House Minority Leader McCarthy leads Republican lawmakers on a tour of the U.S.-Mexico border in Texas and delivers remarks. (March 15, 2021)
Thousands of unaccompanied minors are crossing the Mexican border into the United States, quickly reigniting a heated debate on immigration in Washington. Republicans and Democrats are calling it a crisis, but the two sides are at odds over whose fault it is.
House Minority Leader Kevin McCarthy led a group of Republican lawmakers to the border Monday (March 15) to denounce Democratic President Joe Biden‘s policies. McCarthy said Biden has opened the door to unchecked illegal immigration.
“The security of our country and our borders is the primary responsibility of our president,” McCarthy told reporters at the border in El Paso, Texas. “This did not have to happen. This crisis was created by the presidential policies of this new administration. There’s no other way to call it but a Biden border crisis.”
Biden took office in January to stop the construction of a border wall championed by former President Donald Trump and to promote what he called a more humane immigration policy.

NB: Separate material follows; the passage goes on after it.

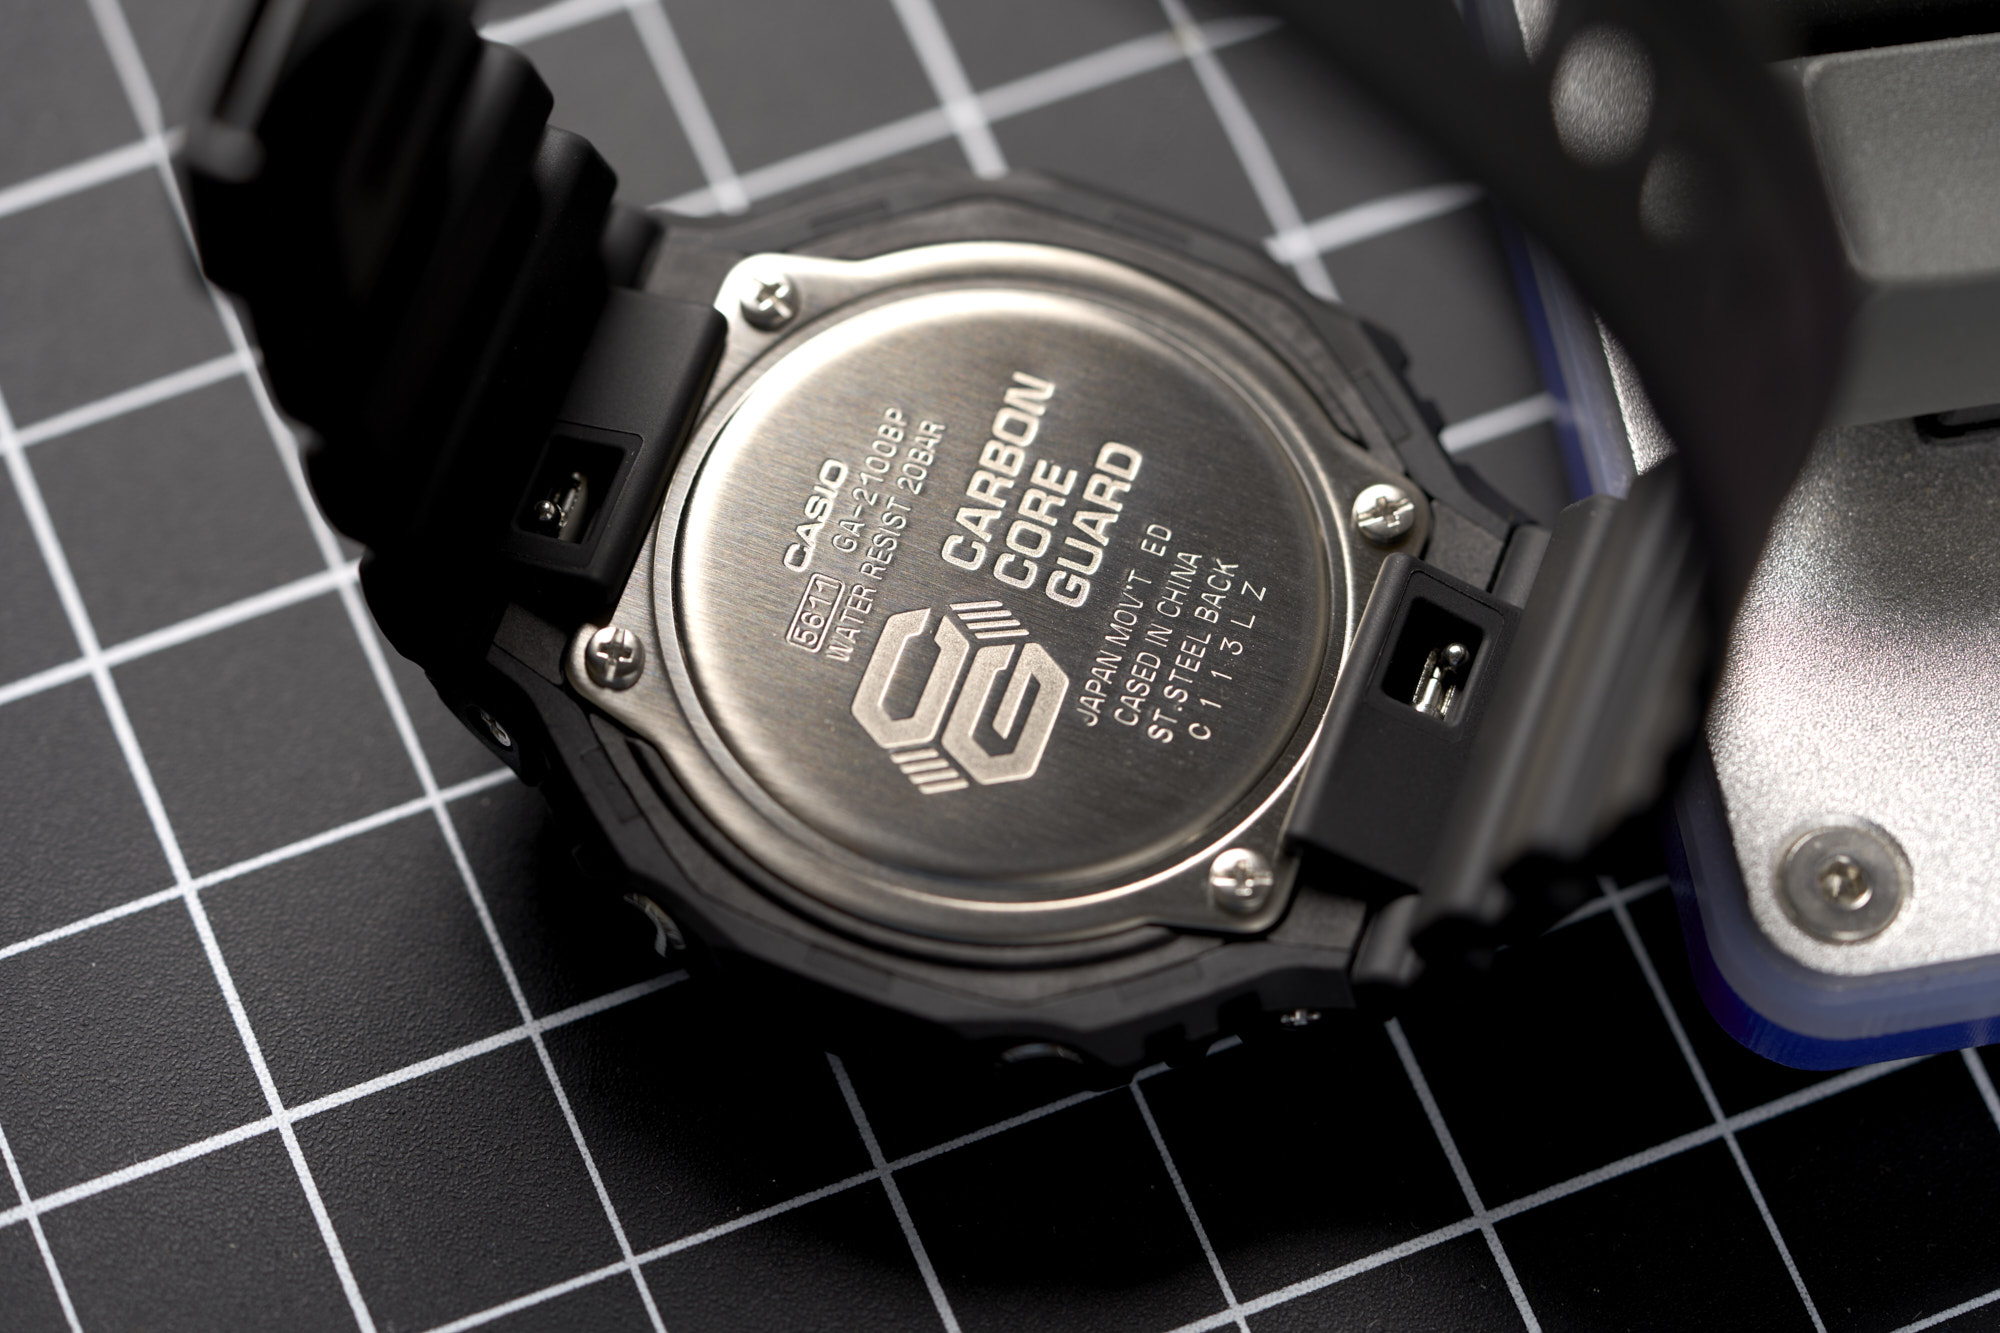 G-SHOCK GA2100 Watch - Windup Watch Shop | Lightweight & Sleek Design
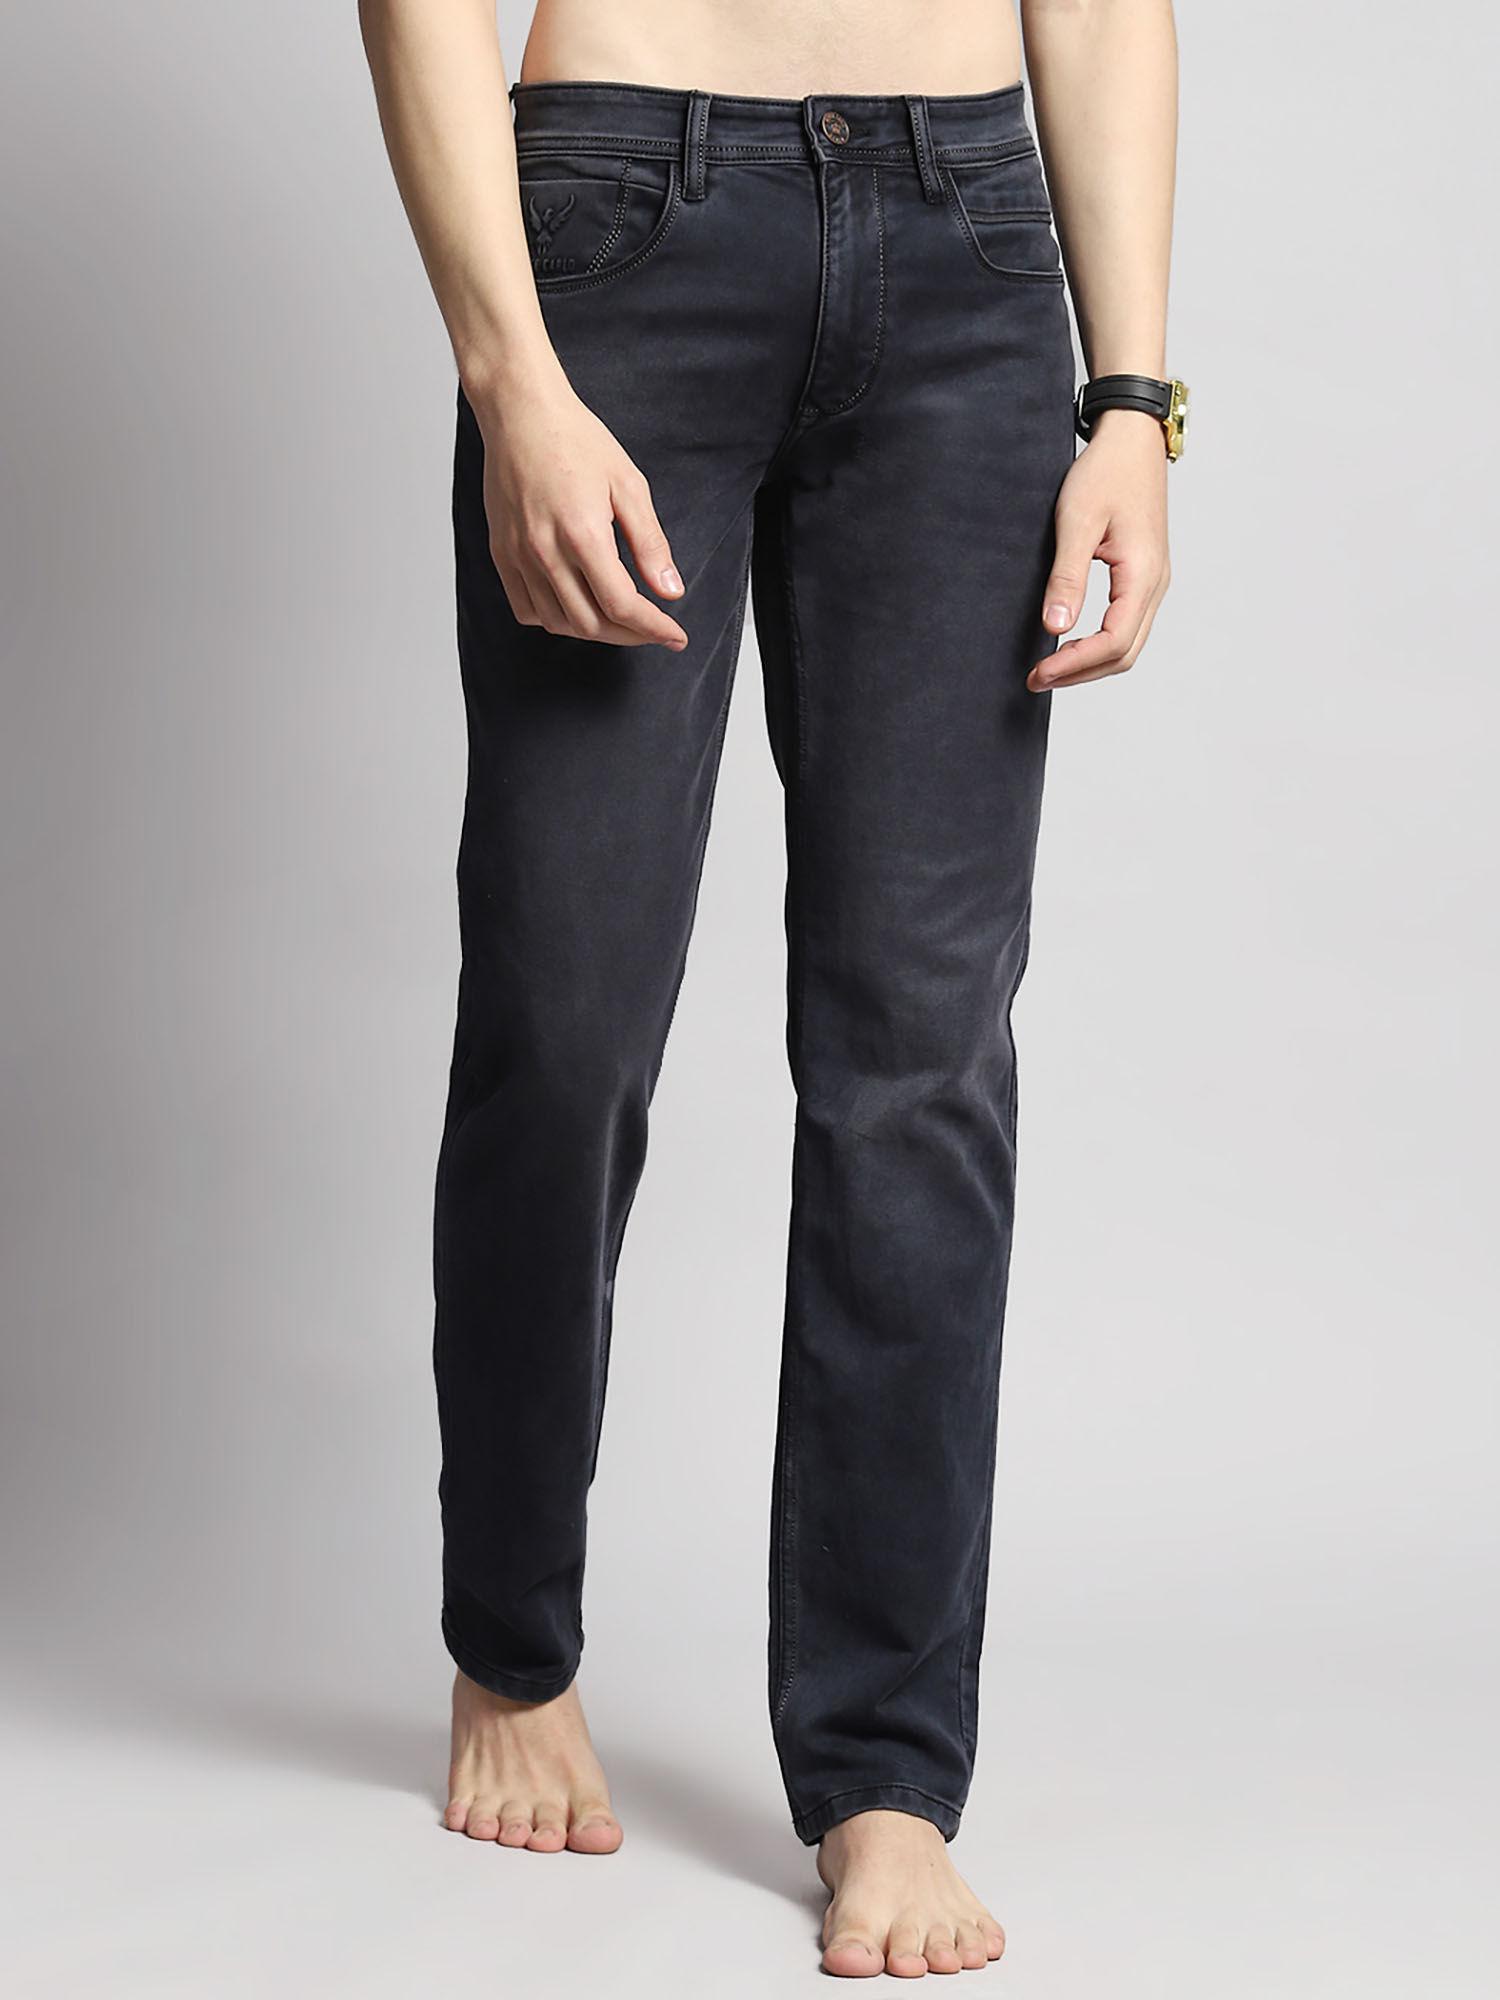 mens-black-plain-wash-cotton-blend-straight-fit-casual-jeans

The Biden Administration did not directly refer to the influx as a crisis, preferring the term “challenge. In February alone, the influx included nearly 30,000 unaccompanied minors.
But Biden and his aides have been anxious to stop thousands of poor Guatemalan, Honduran and Salvadoran migrants from making the dangerous journey through Mexico to the United States. These migrants believe they can lead safer, more prosperous lives in the United States.
Over the weekend, the U.S. Department of Homeland Security said the Federal Emergency Management Agency will help process large numbers of unaccompanied minors over the next 90 days.
An unaccompanied minor who crossed the border into the United States seeking asylum. (March 9, 2021)
In a statement, Homeland Security Secretary Alejandro Mayorkas said, “Our goal is to ensure that unaccompanied children are transferred to the Department of health and Human Services as quickly as possible and in accordance with the requirements of the law and the best interests of these children.”
The children are currently stranded in temporary facilities at the border, which are nearly 94 percent full. They can only be sent later to relatives already living in the United States or to families who are approved and willing to care for or adopt them.
On Sunday, House Speaker Nancy Pelosi told reporters, “The Biden administration is trying to fix the dysfunctional system that the Trump Administration left them. The Biden administration will have a system that is based on doing the best job possible and understanding that this is a humane crisis.”
Trump also spoke out on his thoughts on immigration at the recent Conservative Political Action Conference. He contended that Biden “wants to bring everything down.
“When I left office just six weeks ago, we built the most secure border in the history of the United States,” Trump claimed. .
Trump contends, “It took the new administration just a few short weeks to turn this unprecedented achievement into a self-inflicted humanitarian and national security disaster by recklessly removing our borders, security measures, controls, and all the things that we put in place.”
In early March, McCarthy requested a meeting with Biden to discuss border immigration. He said he felt it was “important to express great concern about the way your administration has handled this crisis, but also that we can work together to resolve it.”
McCarthy said he has not heard back from President Biden.
White House Press Secretary Sarah Sachs dismissed Republicans’ claims that the new administration has adopted an “open borders policy.
“That’s absolutely not true,” she said last week. “The border is not open.”
White House Southern Border Coordinator Roberta Jacobson acknowledged last week that the factor fueling the surge in immigration was likely the idea that the U.S. border would be easier to access under Biden.
Jacobson, the National Security Council’s southern border coordinator, speaks at a White House press conference. (March 10, 2021)
“I certainly think that the idea that a more humane policy would be implemented has the potential to drive people to make those kinds of decisions,” she told reporters. “But perhaps more importantly, it absolutely drives smugglers to send out false messages that it’s now possible to do so.”
Lawmakers in Washington have been deadlocked on immigration policy for years. In addition to dealing with the current border woes, House Democrats this week tried to advance two pieces of legislation on immigration.
One would create a pathway to citizenship for undocumented immigrants who were brought to the U.S. at an early age and subsequently attend school and work in the country.
The House is also considering a bill that would seek to allow immigrant workers in the U.S. agricultural sector to obtain temporary residency status in the U.S., with the option of eventually becoming permanent residents.
Democrats strongly support both bills and also passed both in 2019. However, even if they pass both bills in the House again, the bills’ prospects in the Senate are uncertain at best. Democrats are evenly split with Republicans in the Senate.